START Given records

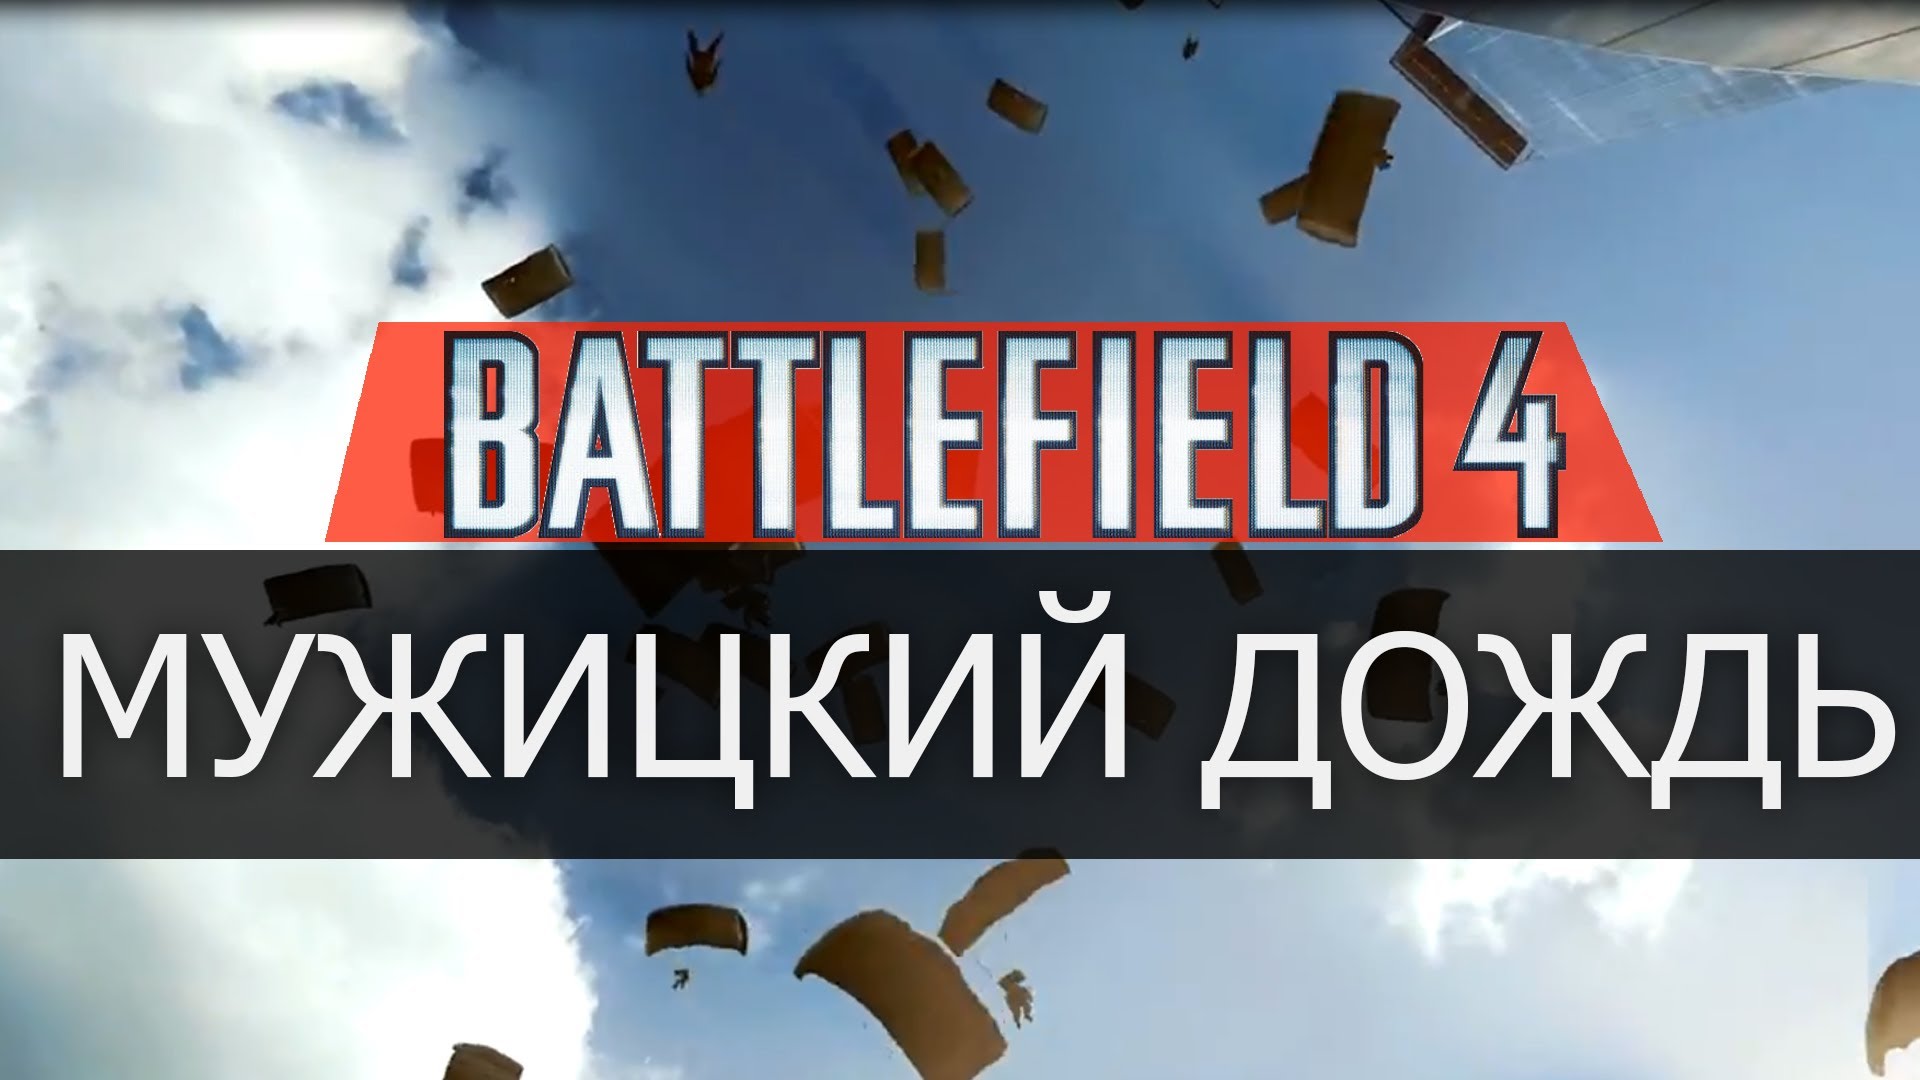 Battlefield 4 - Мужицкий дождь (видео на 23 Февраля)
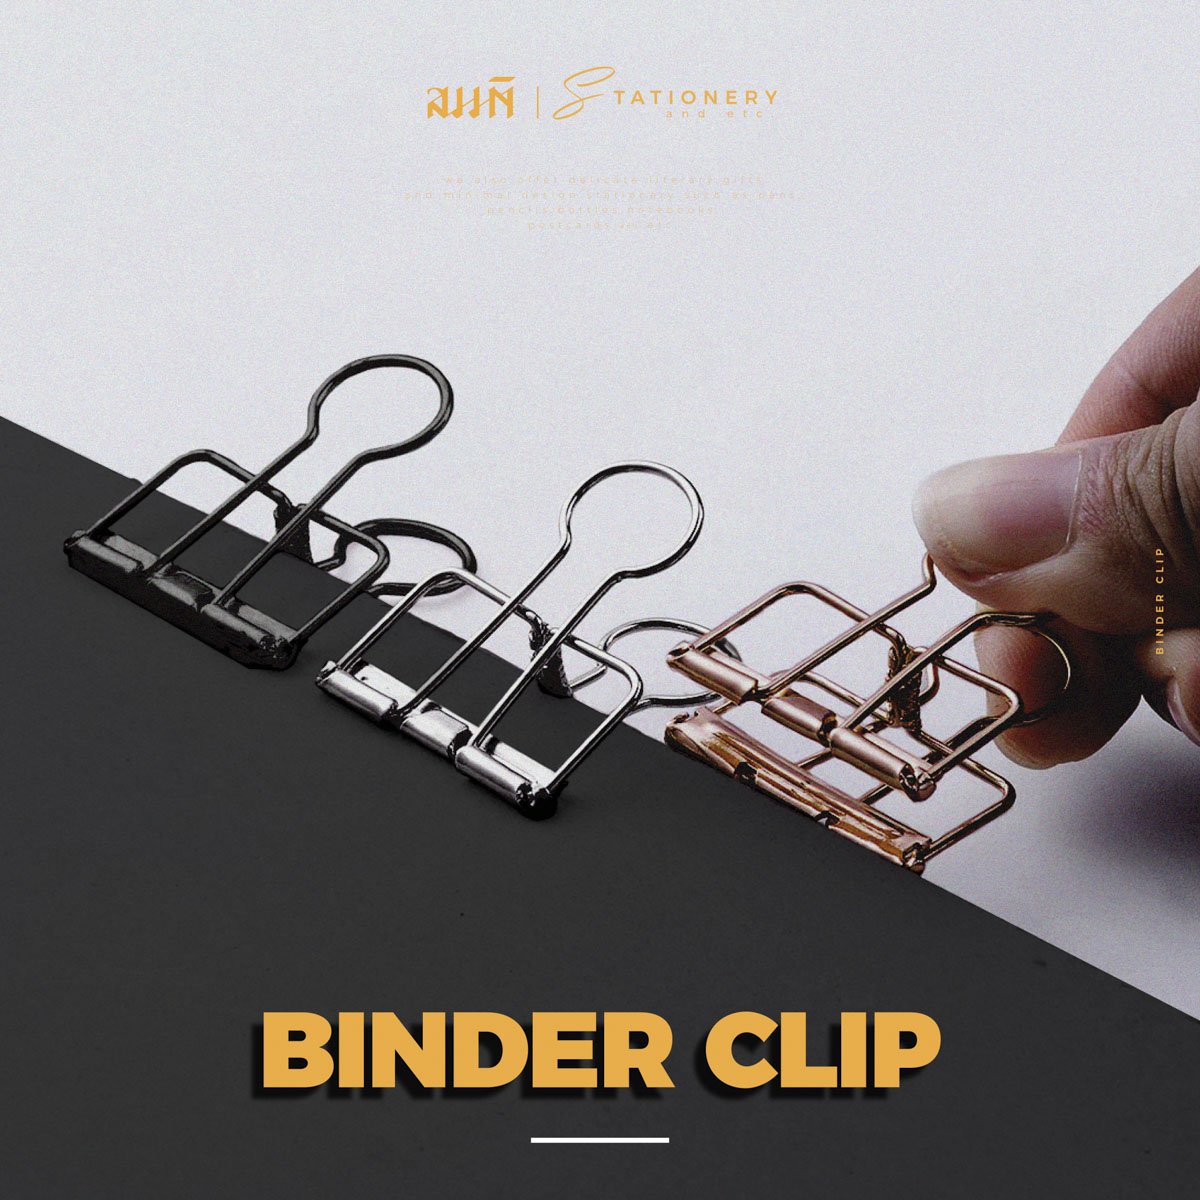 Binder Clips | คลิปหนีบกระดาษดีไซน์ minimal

END Given records
START Given records

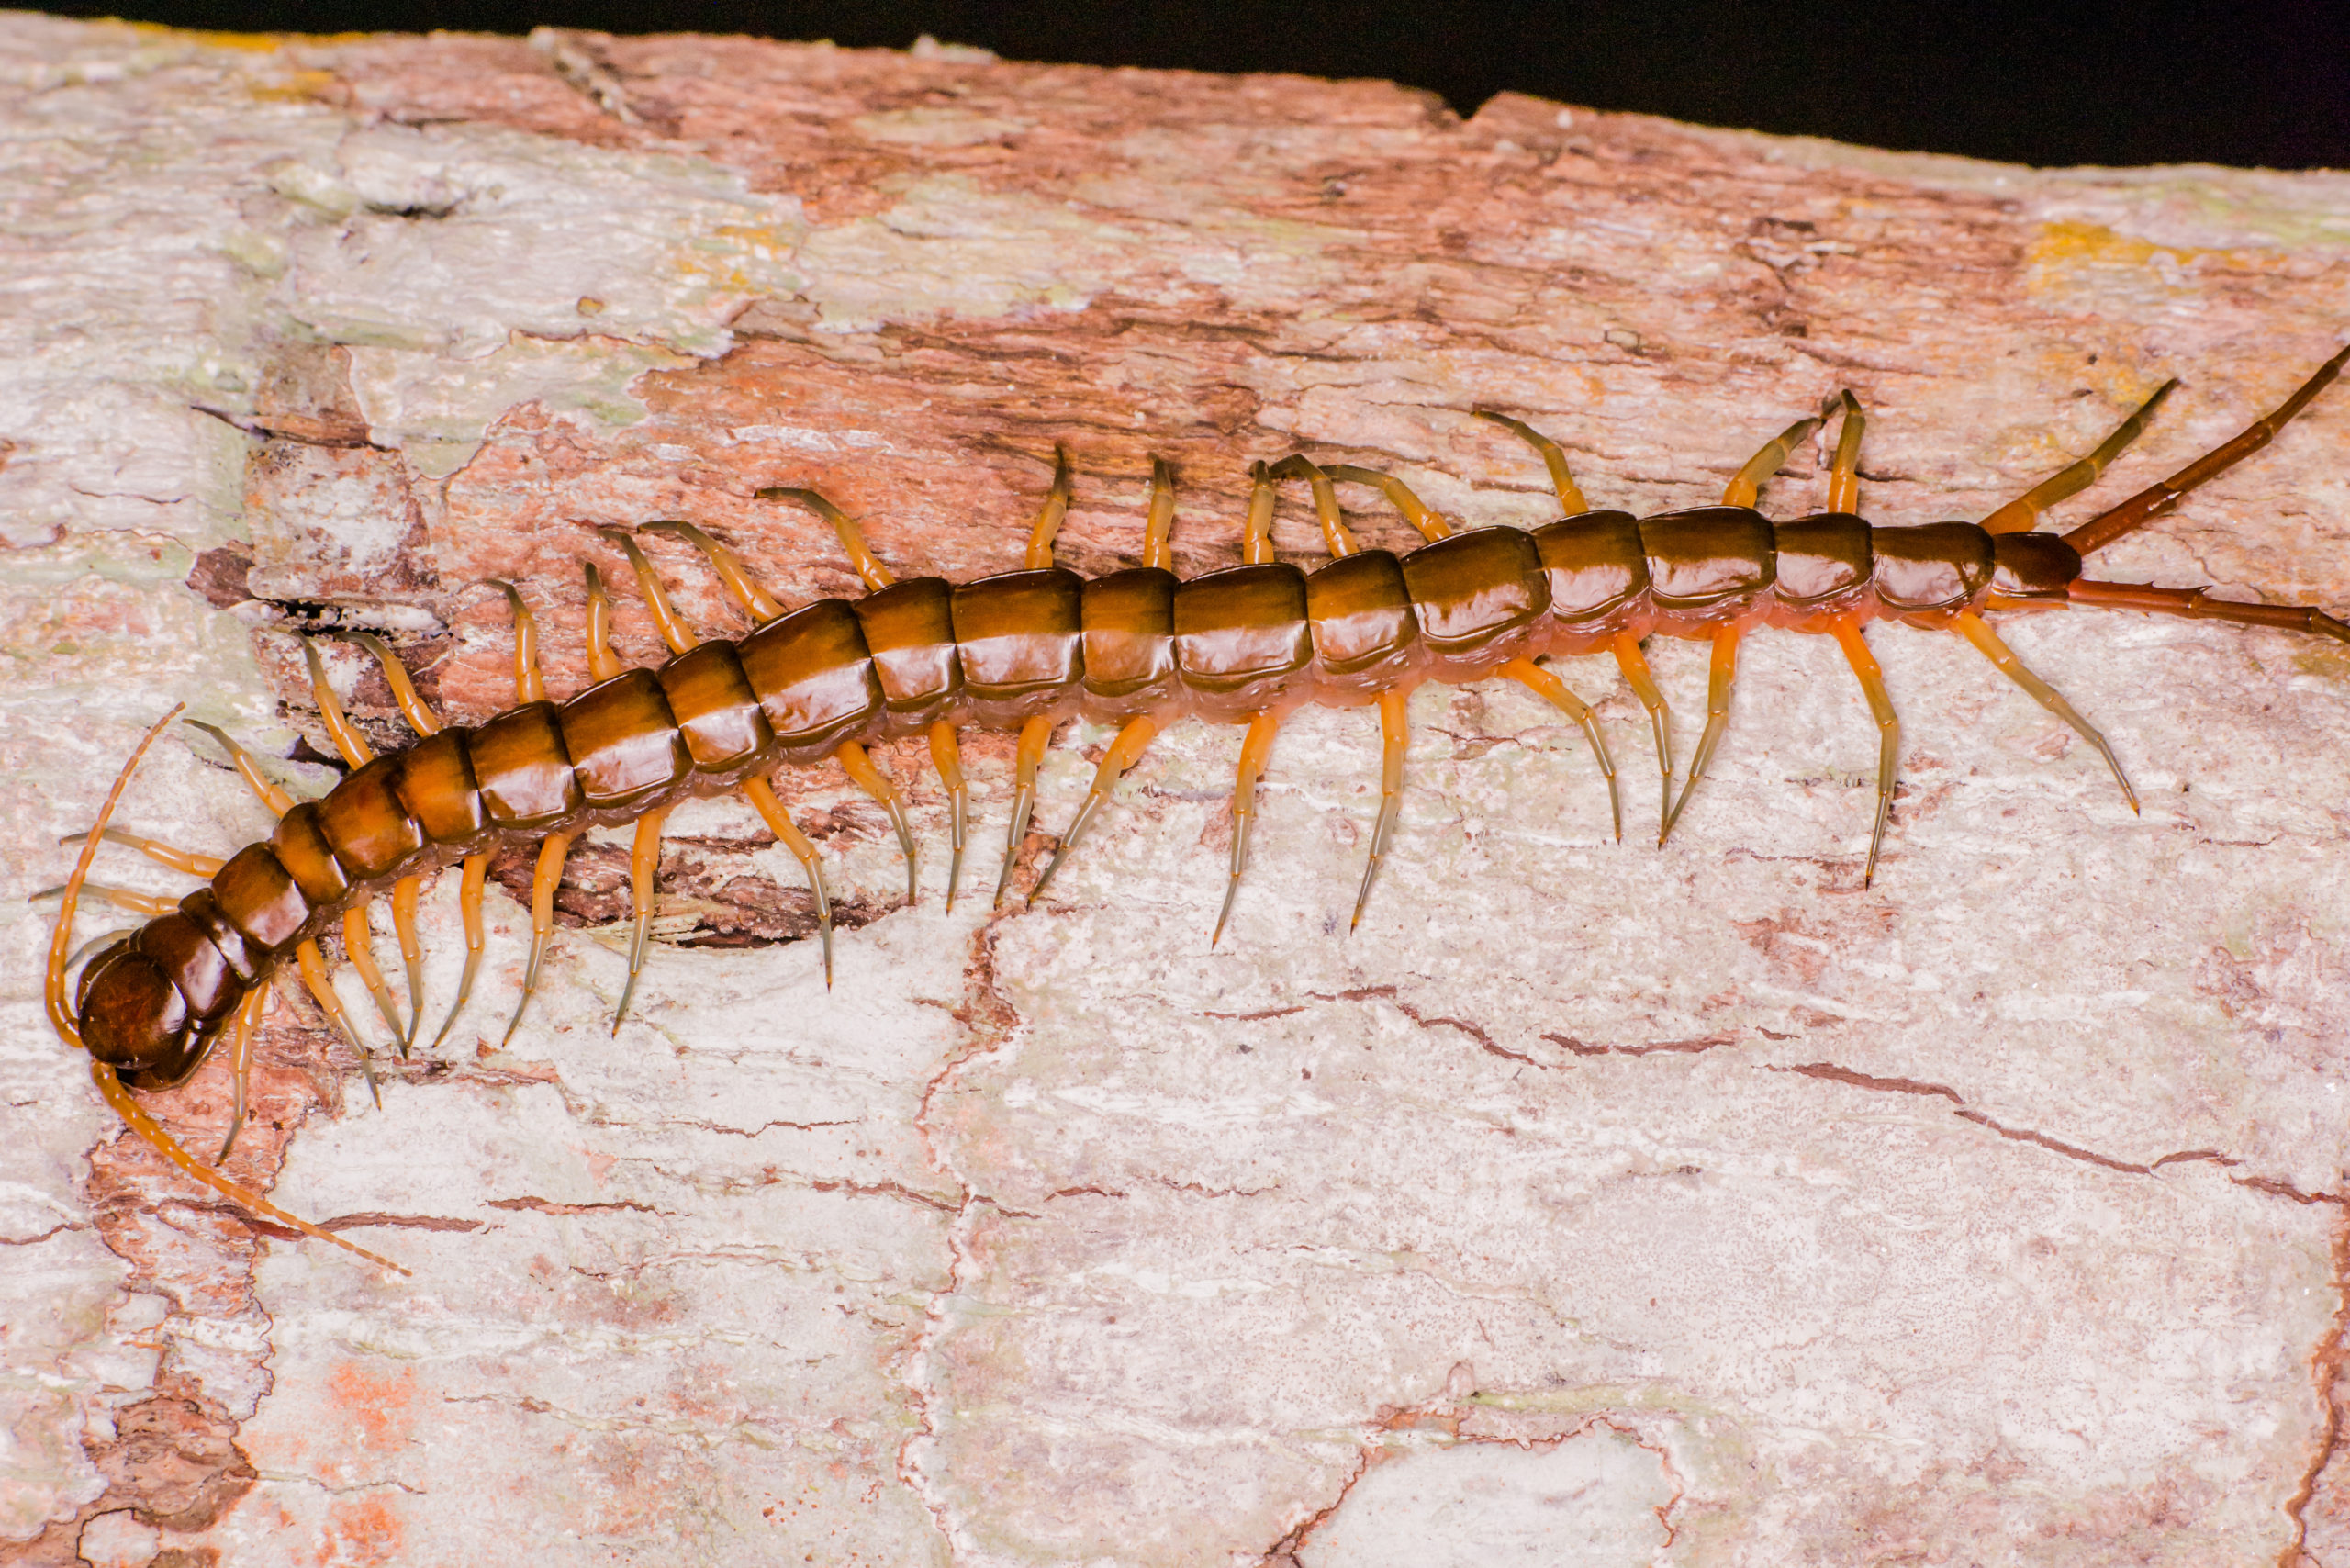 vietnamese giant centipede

END Given records

[Work instruction] Could you write out exactly the lines of the data above that run from the one holding "Battlefield 4 - Мужицкий" to the one holding "Binder Clips | คลิปหนีบกระดาษดีไซน์ minimal", with both ends in and all pictures out?

[Exercise solution]
 Battlefield 4 - Мужицкий дождь (видео на 23 Февраля)
 Binder Clips | คลิปหนีบกระดาษดีไซน์ minimal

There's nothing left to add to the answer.